> _PROBLEM DETAILS_:
Lines below starting with the line with "Cellules animales microscopiques" and going on through the line with "大疆 DJI Mavic" must be output exactly; the rest of the records must be left out.

> _RECORD EXCERPTS_:
________

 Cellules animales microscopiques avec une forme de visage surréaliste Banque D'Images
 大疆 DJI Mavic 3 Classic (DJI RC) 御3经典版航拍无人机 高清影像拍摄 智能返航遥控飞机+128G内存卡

________

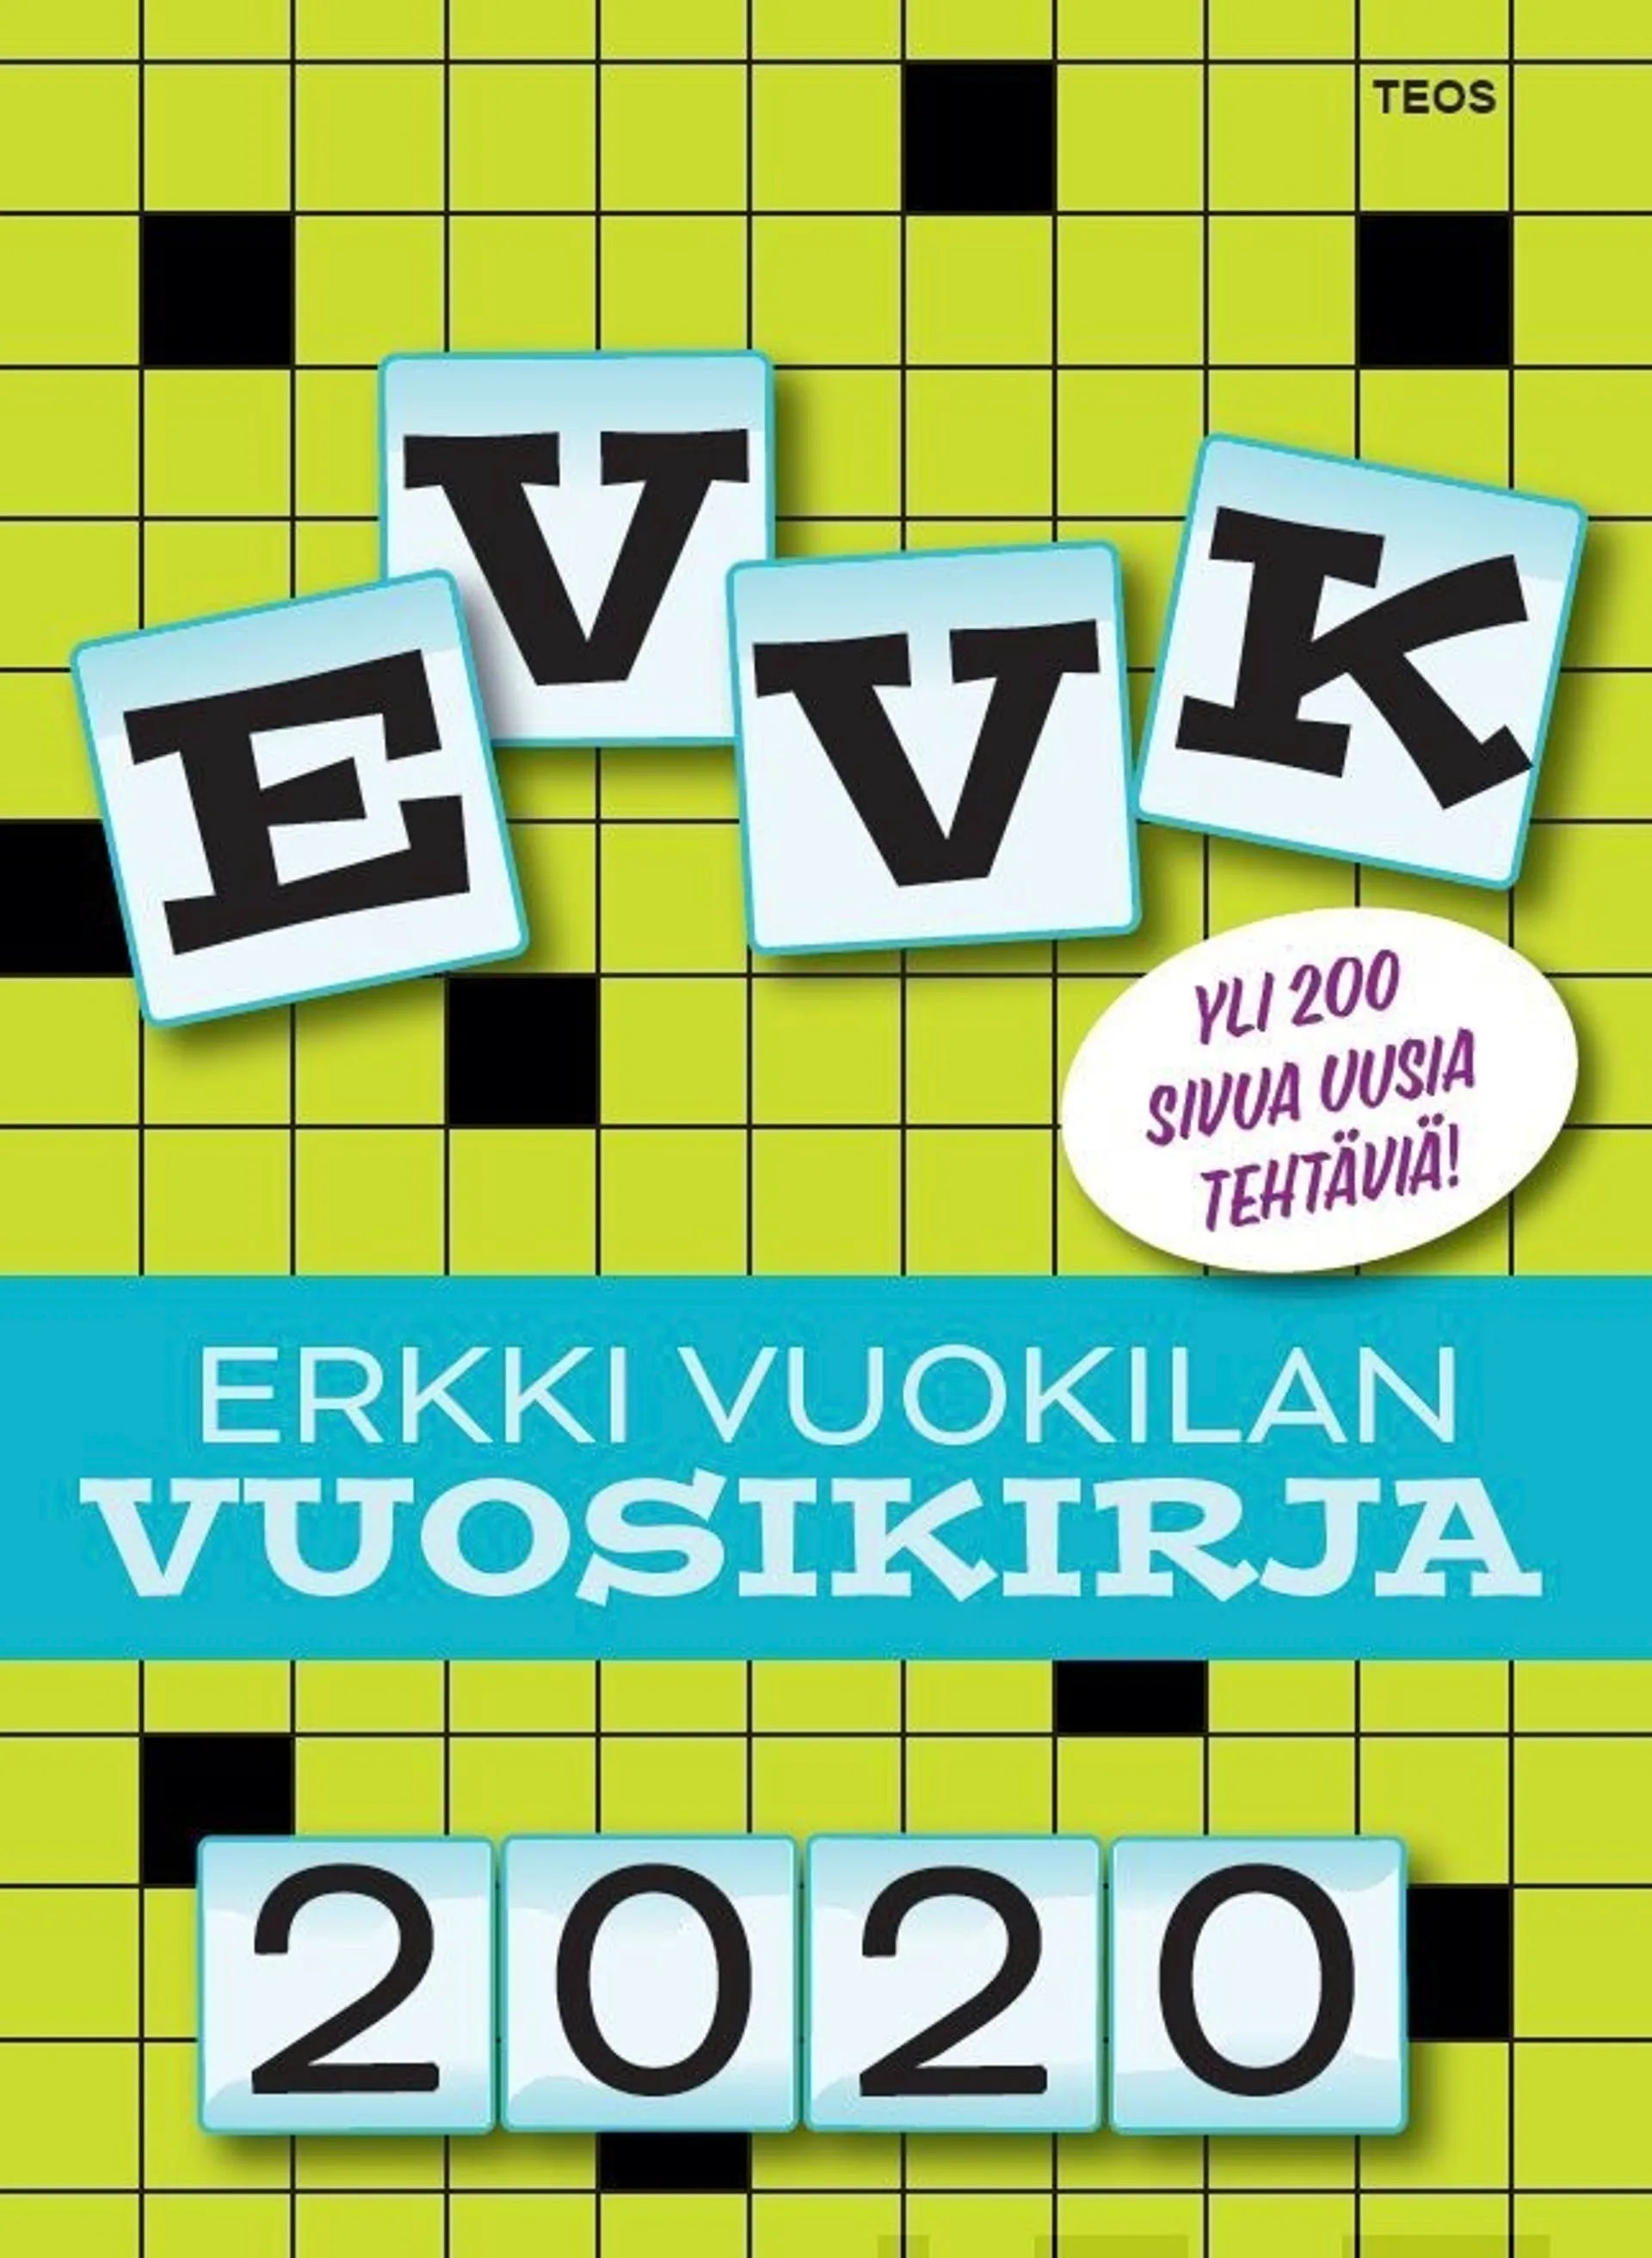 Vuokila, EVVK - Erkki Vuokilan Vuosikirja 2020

________

> _EXPECTED OUTPUT_:
 Cellules animales microscopiques avec une forme de visage surréaliste Banque D'Images
 大疆 DJI Mavic 3 Classic (DJI RC) 御3经典版航拍无人机 高清影像拍摄 智能返航遥控飞机+128G内存卡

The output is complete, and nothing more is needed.